Someone has said, “The soul is measured by its flights, some low and some high. The heart is known by its delights and pleasures never lie.” I’m not aware of who the author is nor the occasion of its writing. But the situation that the author refers to is poignant for us. Listen again to the last two lines: “The heart is known by its delights and pleasures never lie.”
The author is pointing to a means for measuring something which is otherwise invisible. The character of the human heart can be unmistakably known by that which brings it pleasure.
How about you this moment? What is it, really, that brings you the most pleasure?
Henry Scougal, a Puritan pastor, said it much the same way when he said, “The worth and excellence of the soul can be measured by the object of its love.” And John Piper has written, “To know a soul’s proportions, you need to know it’s passions.”
If this is true, then what do your passions and pleasures say about the state of your soul today?
And if that this is true, what does it say that what brings God’s heart the greatest delight is your faith. Your faith is His pleasure, His delight.
Here is what we’re going to be looking at today in Hebrews 11:5-6, and that is that a Christian is a person who finds his or her ultimate pleasure in pleasing God. For the Christian who has been awakened by grace our greatest pleasure lies in pleasing God, in bringing delight to His heart through our trust in Him.
This is authentic Christianity—a constraining desire to bring God pleasure, to delight His heart. But the reality is, not every Christian has the ultimate pleasure of pleasing God. Far too often our hearts are captured by other pleasures, other delights. It will be a lifelong struggle to divest ourselves of these idols, to destroy them so that our ultimate joy can be found in God Himself and our greatest desire is to please Him.
If our greatest desire is to please God, how do we do that? Fortunately we are not left to guess the answer to that question. It appears quite clearly in Hebrews 11:6, “without faith it is impossible to please God.” What brings pleasure to our God is the life of faith, a life that is governed, shaped, molded, fashioned by the promises of God. A life in which decisions are made on the basis of the Word of God.

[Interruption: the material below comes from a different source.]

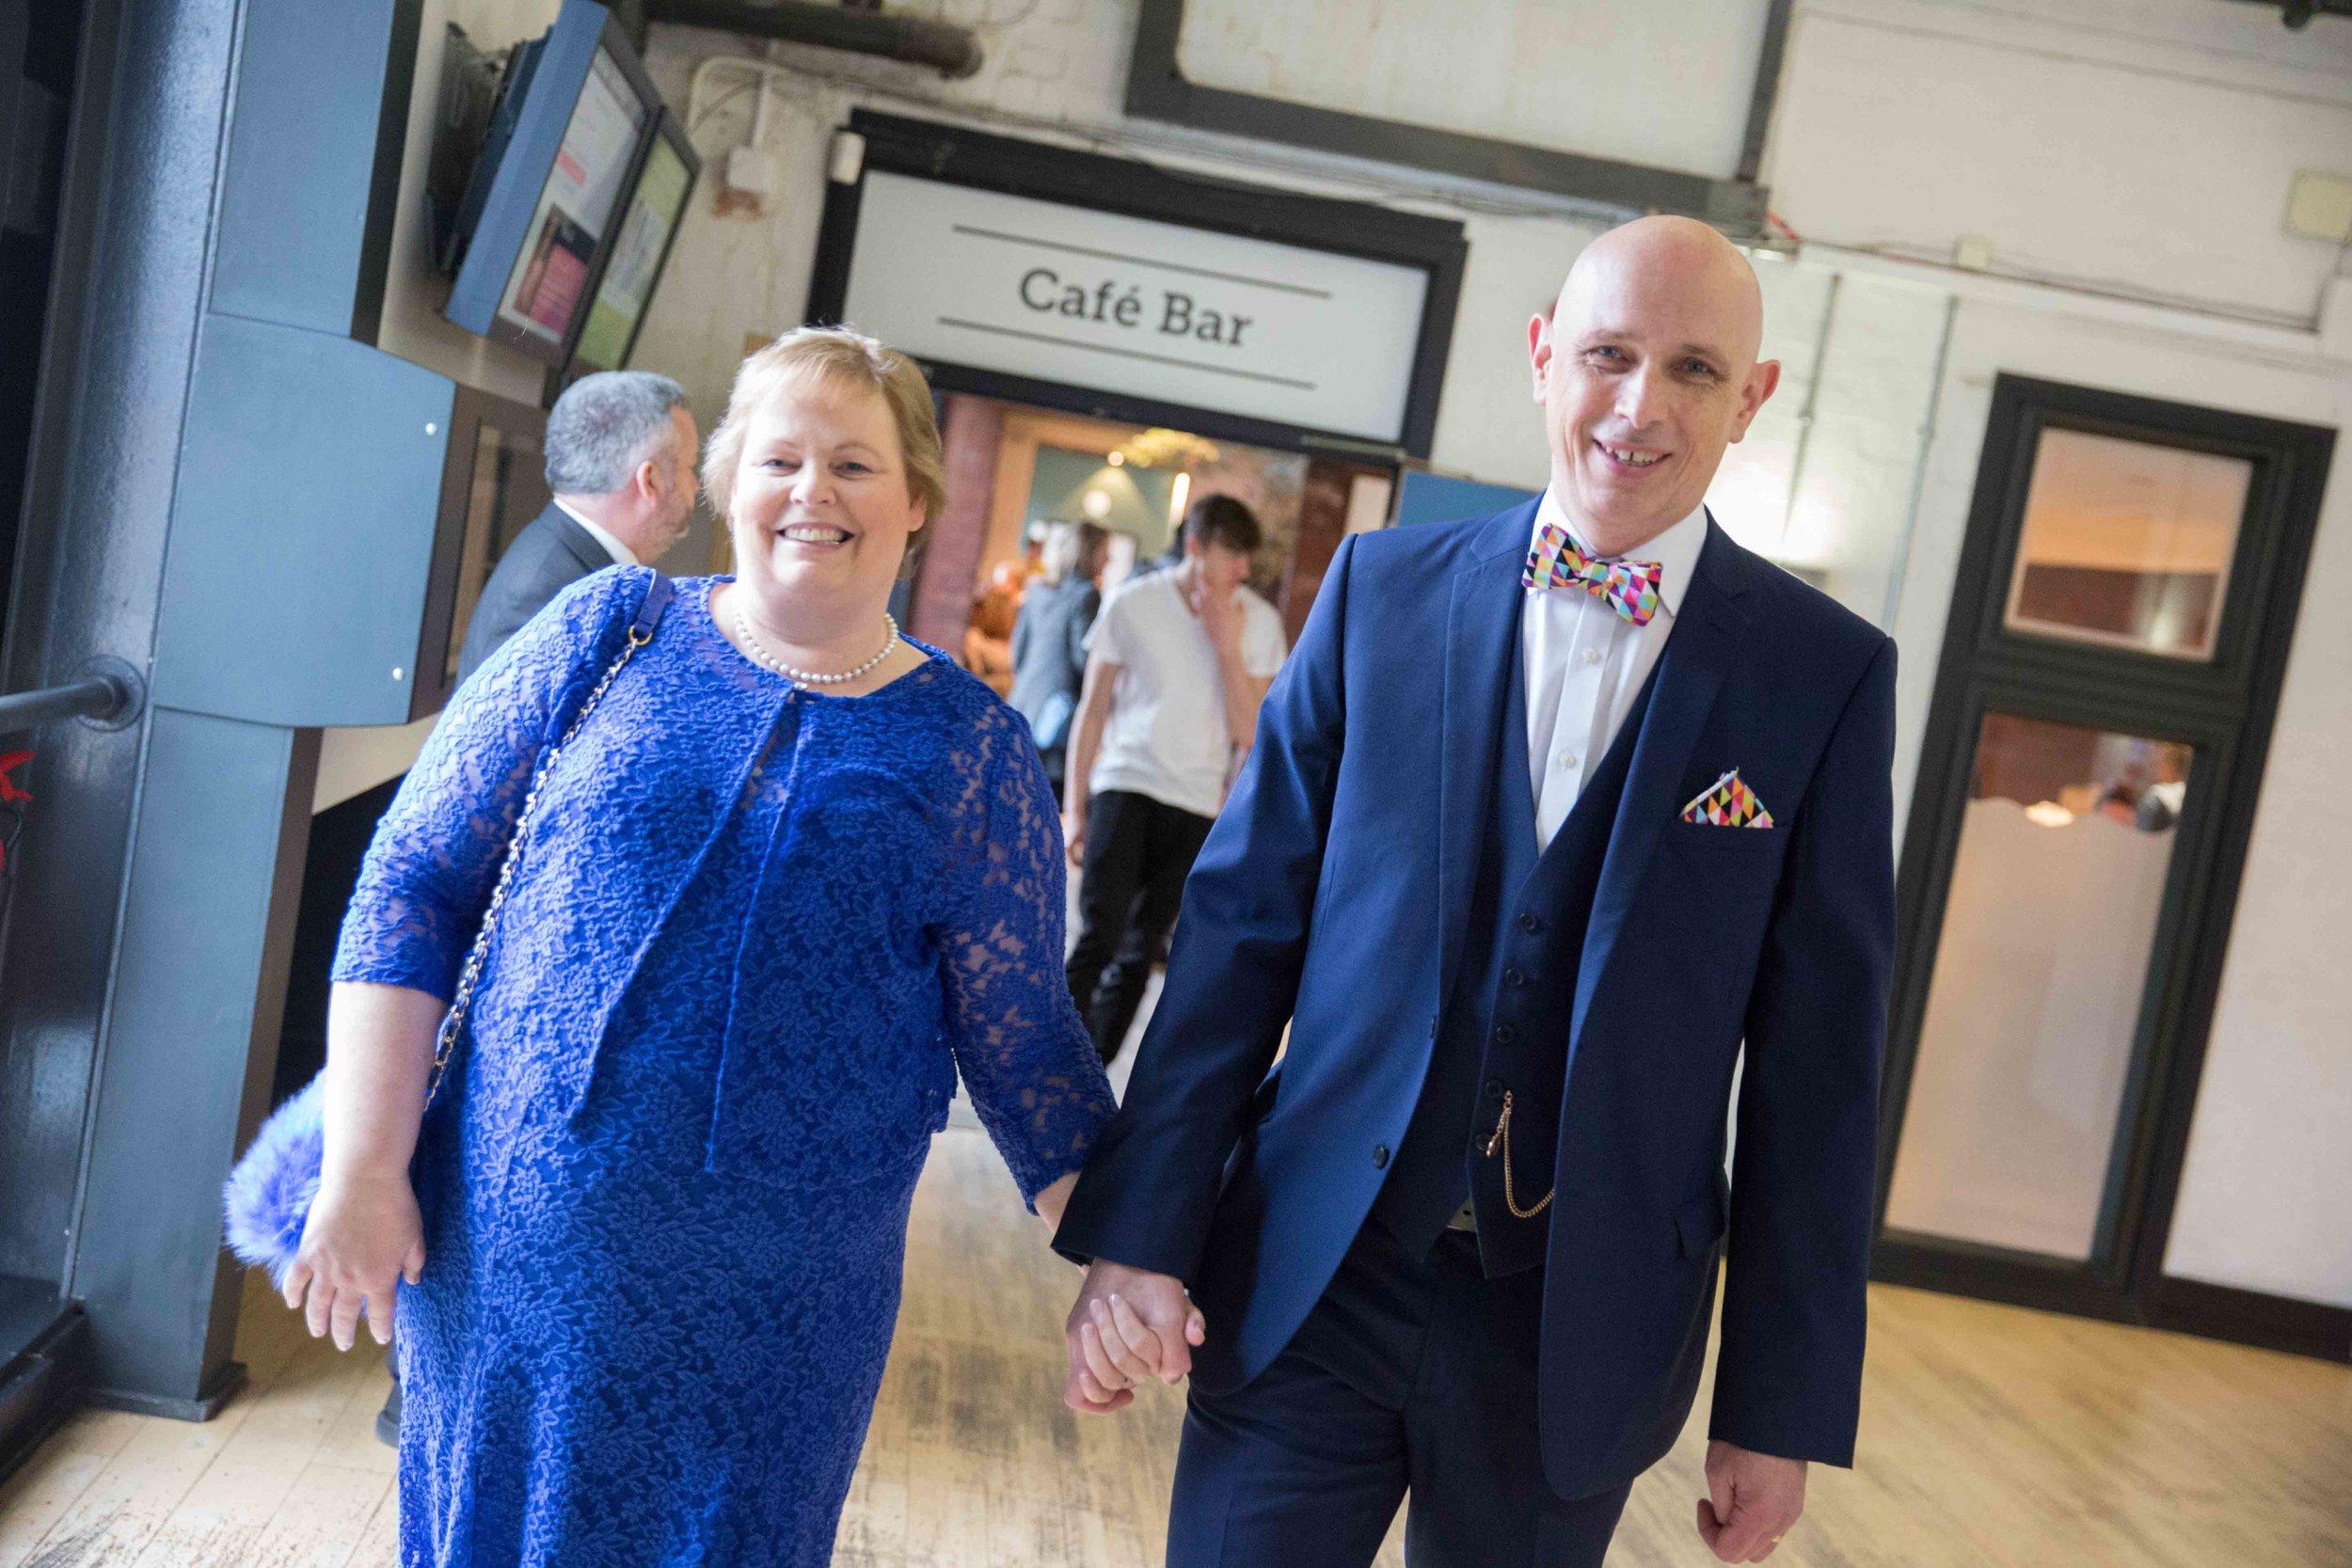 Adam & Faye - Wright Wedding Photography - Bristol Wedding Photographer -27.jpg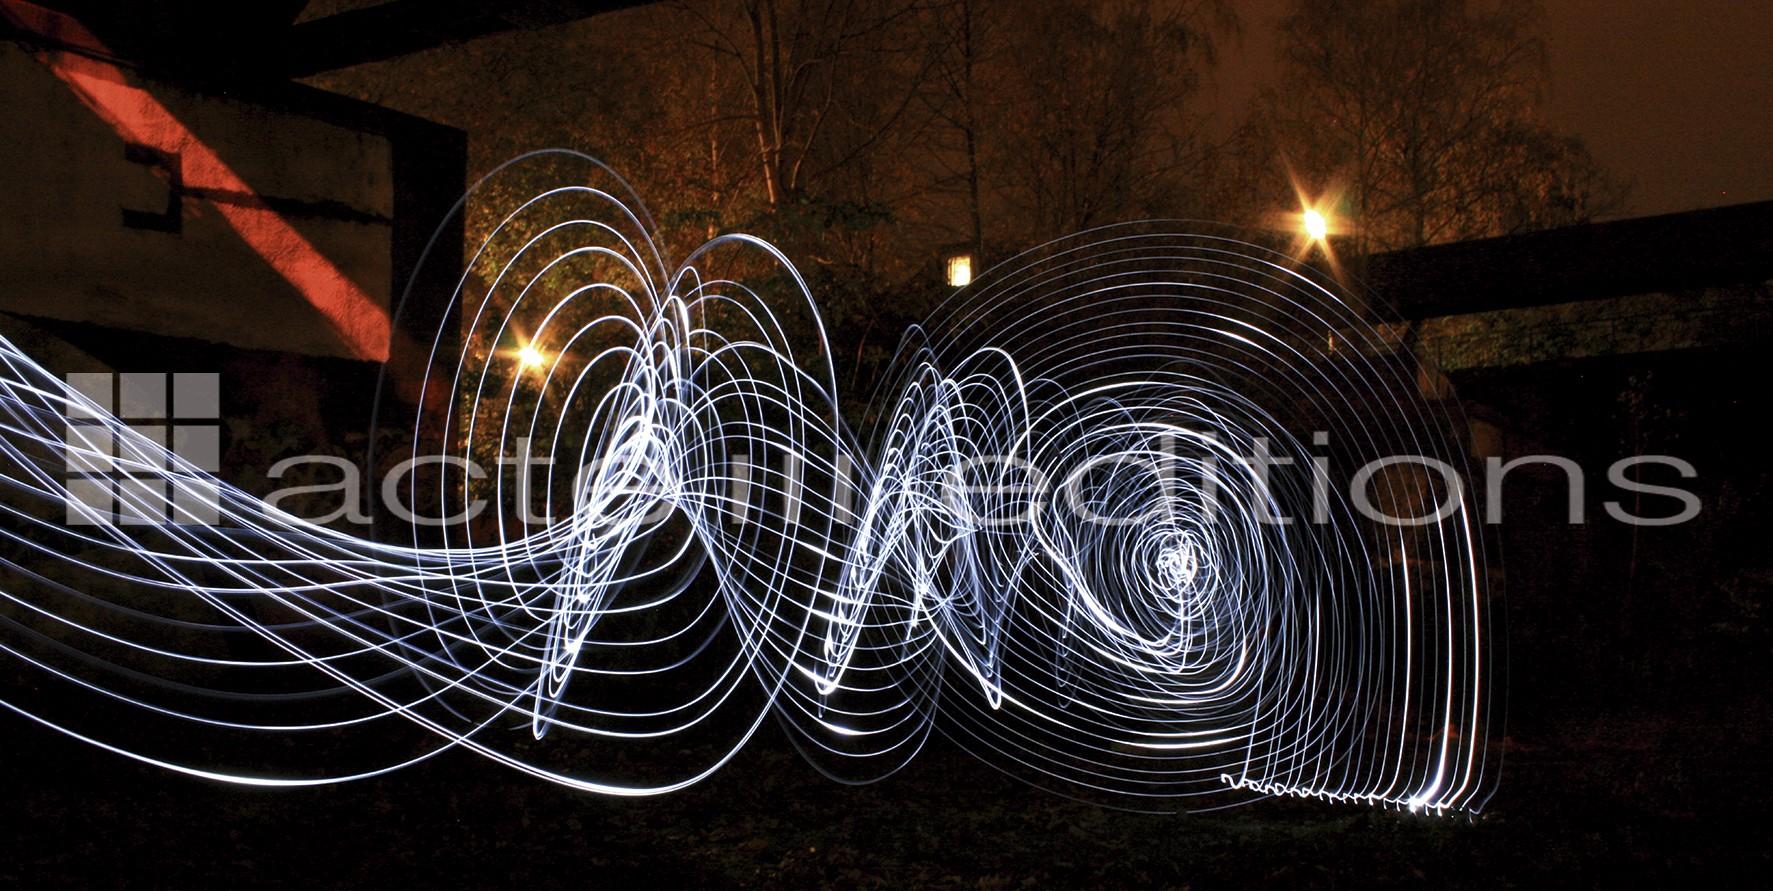 Night moves, 2012

To illustrate this kind of faith, we’re going to look at a little known man in the Bible by the name of Enoch. If you were to ask for a list of the names of great men and women of faith, his name would likely be left off many lists. One of the reasons is that the Bible says very little about him.
So, we know that Enoch lived over three and a half centuries on this earth. This means that if Enoch’s 365-year life span had ended in 2023, he would have been born in 1658, more than one hundred years before our nation declared its independence.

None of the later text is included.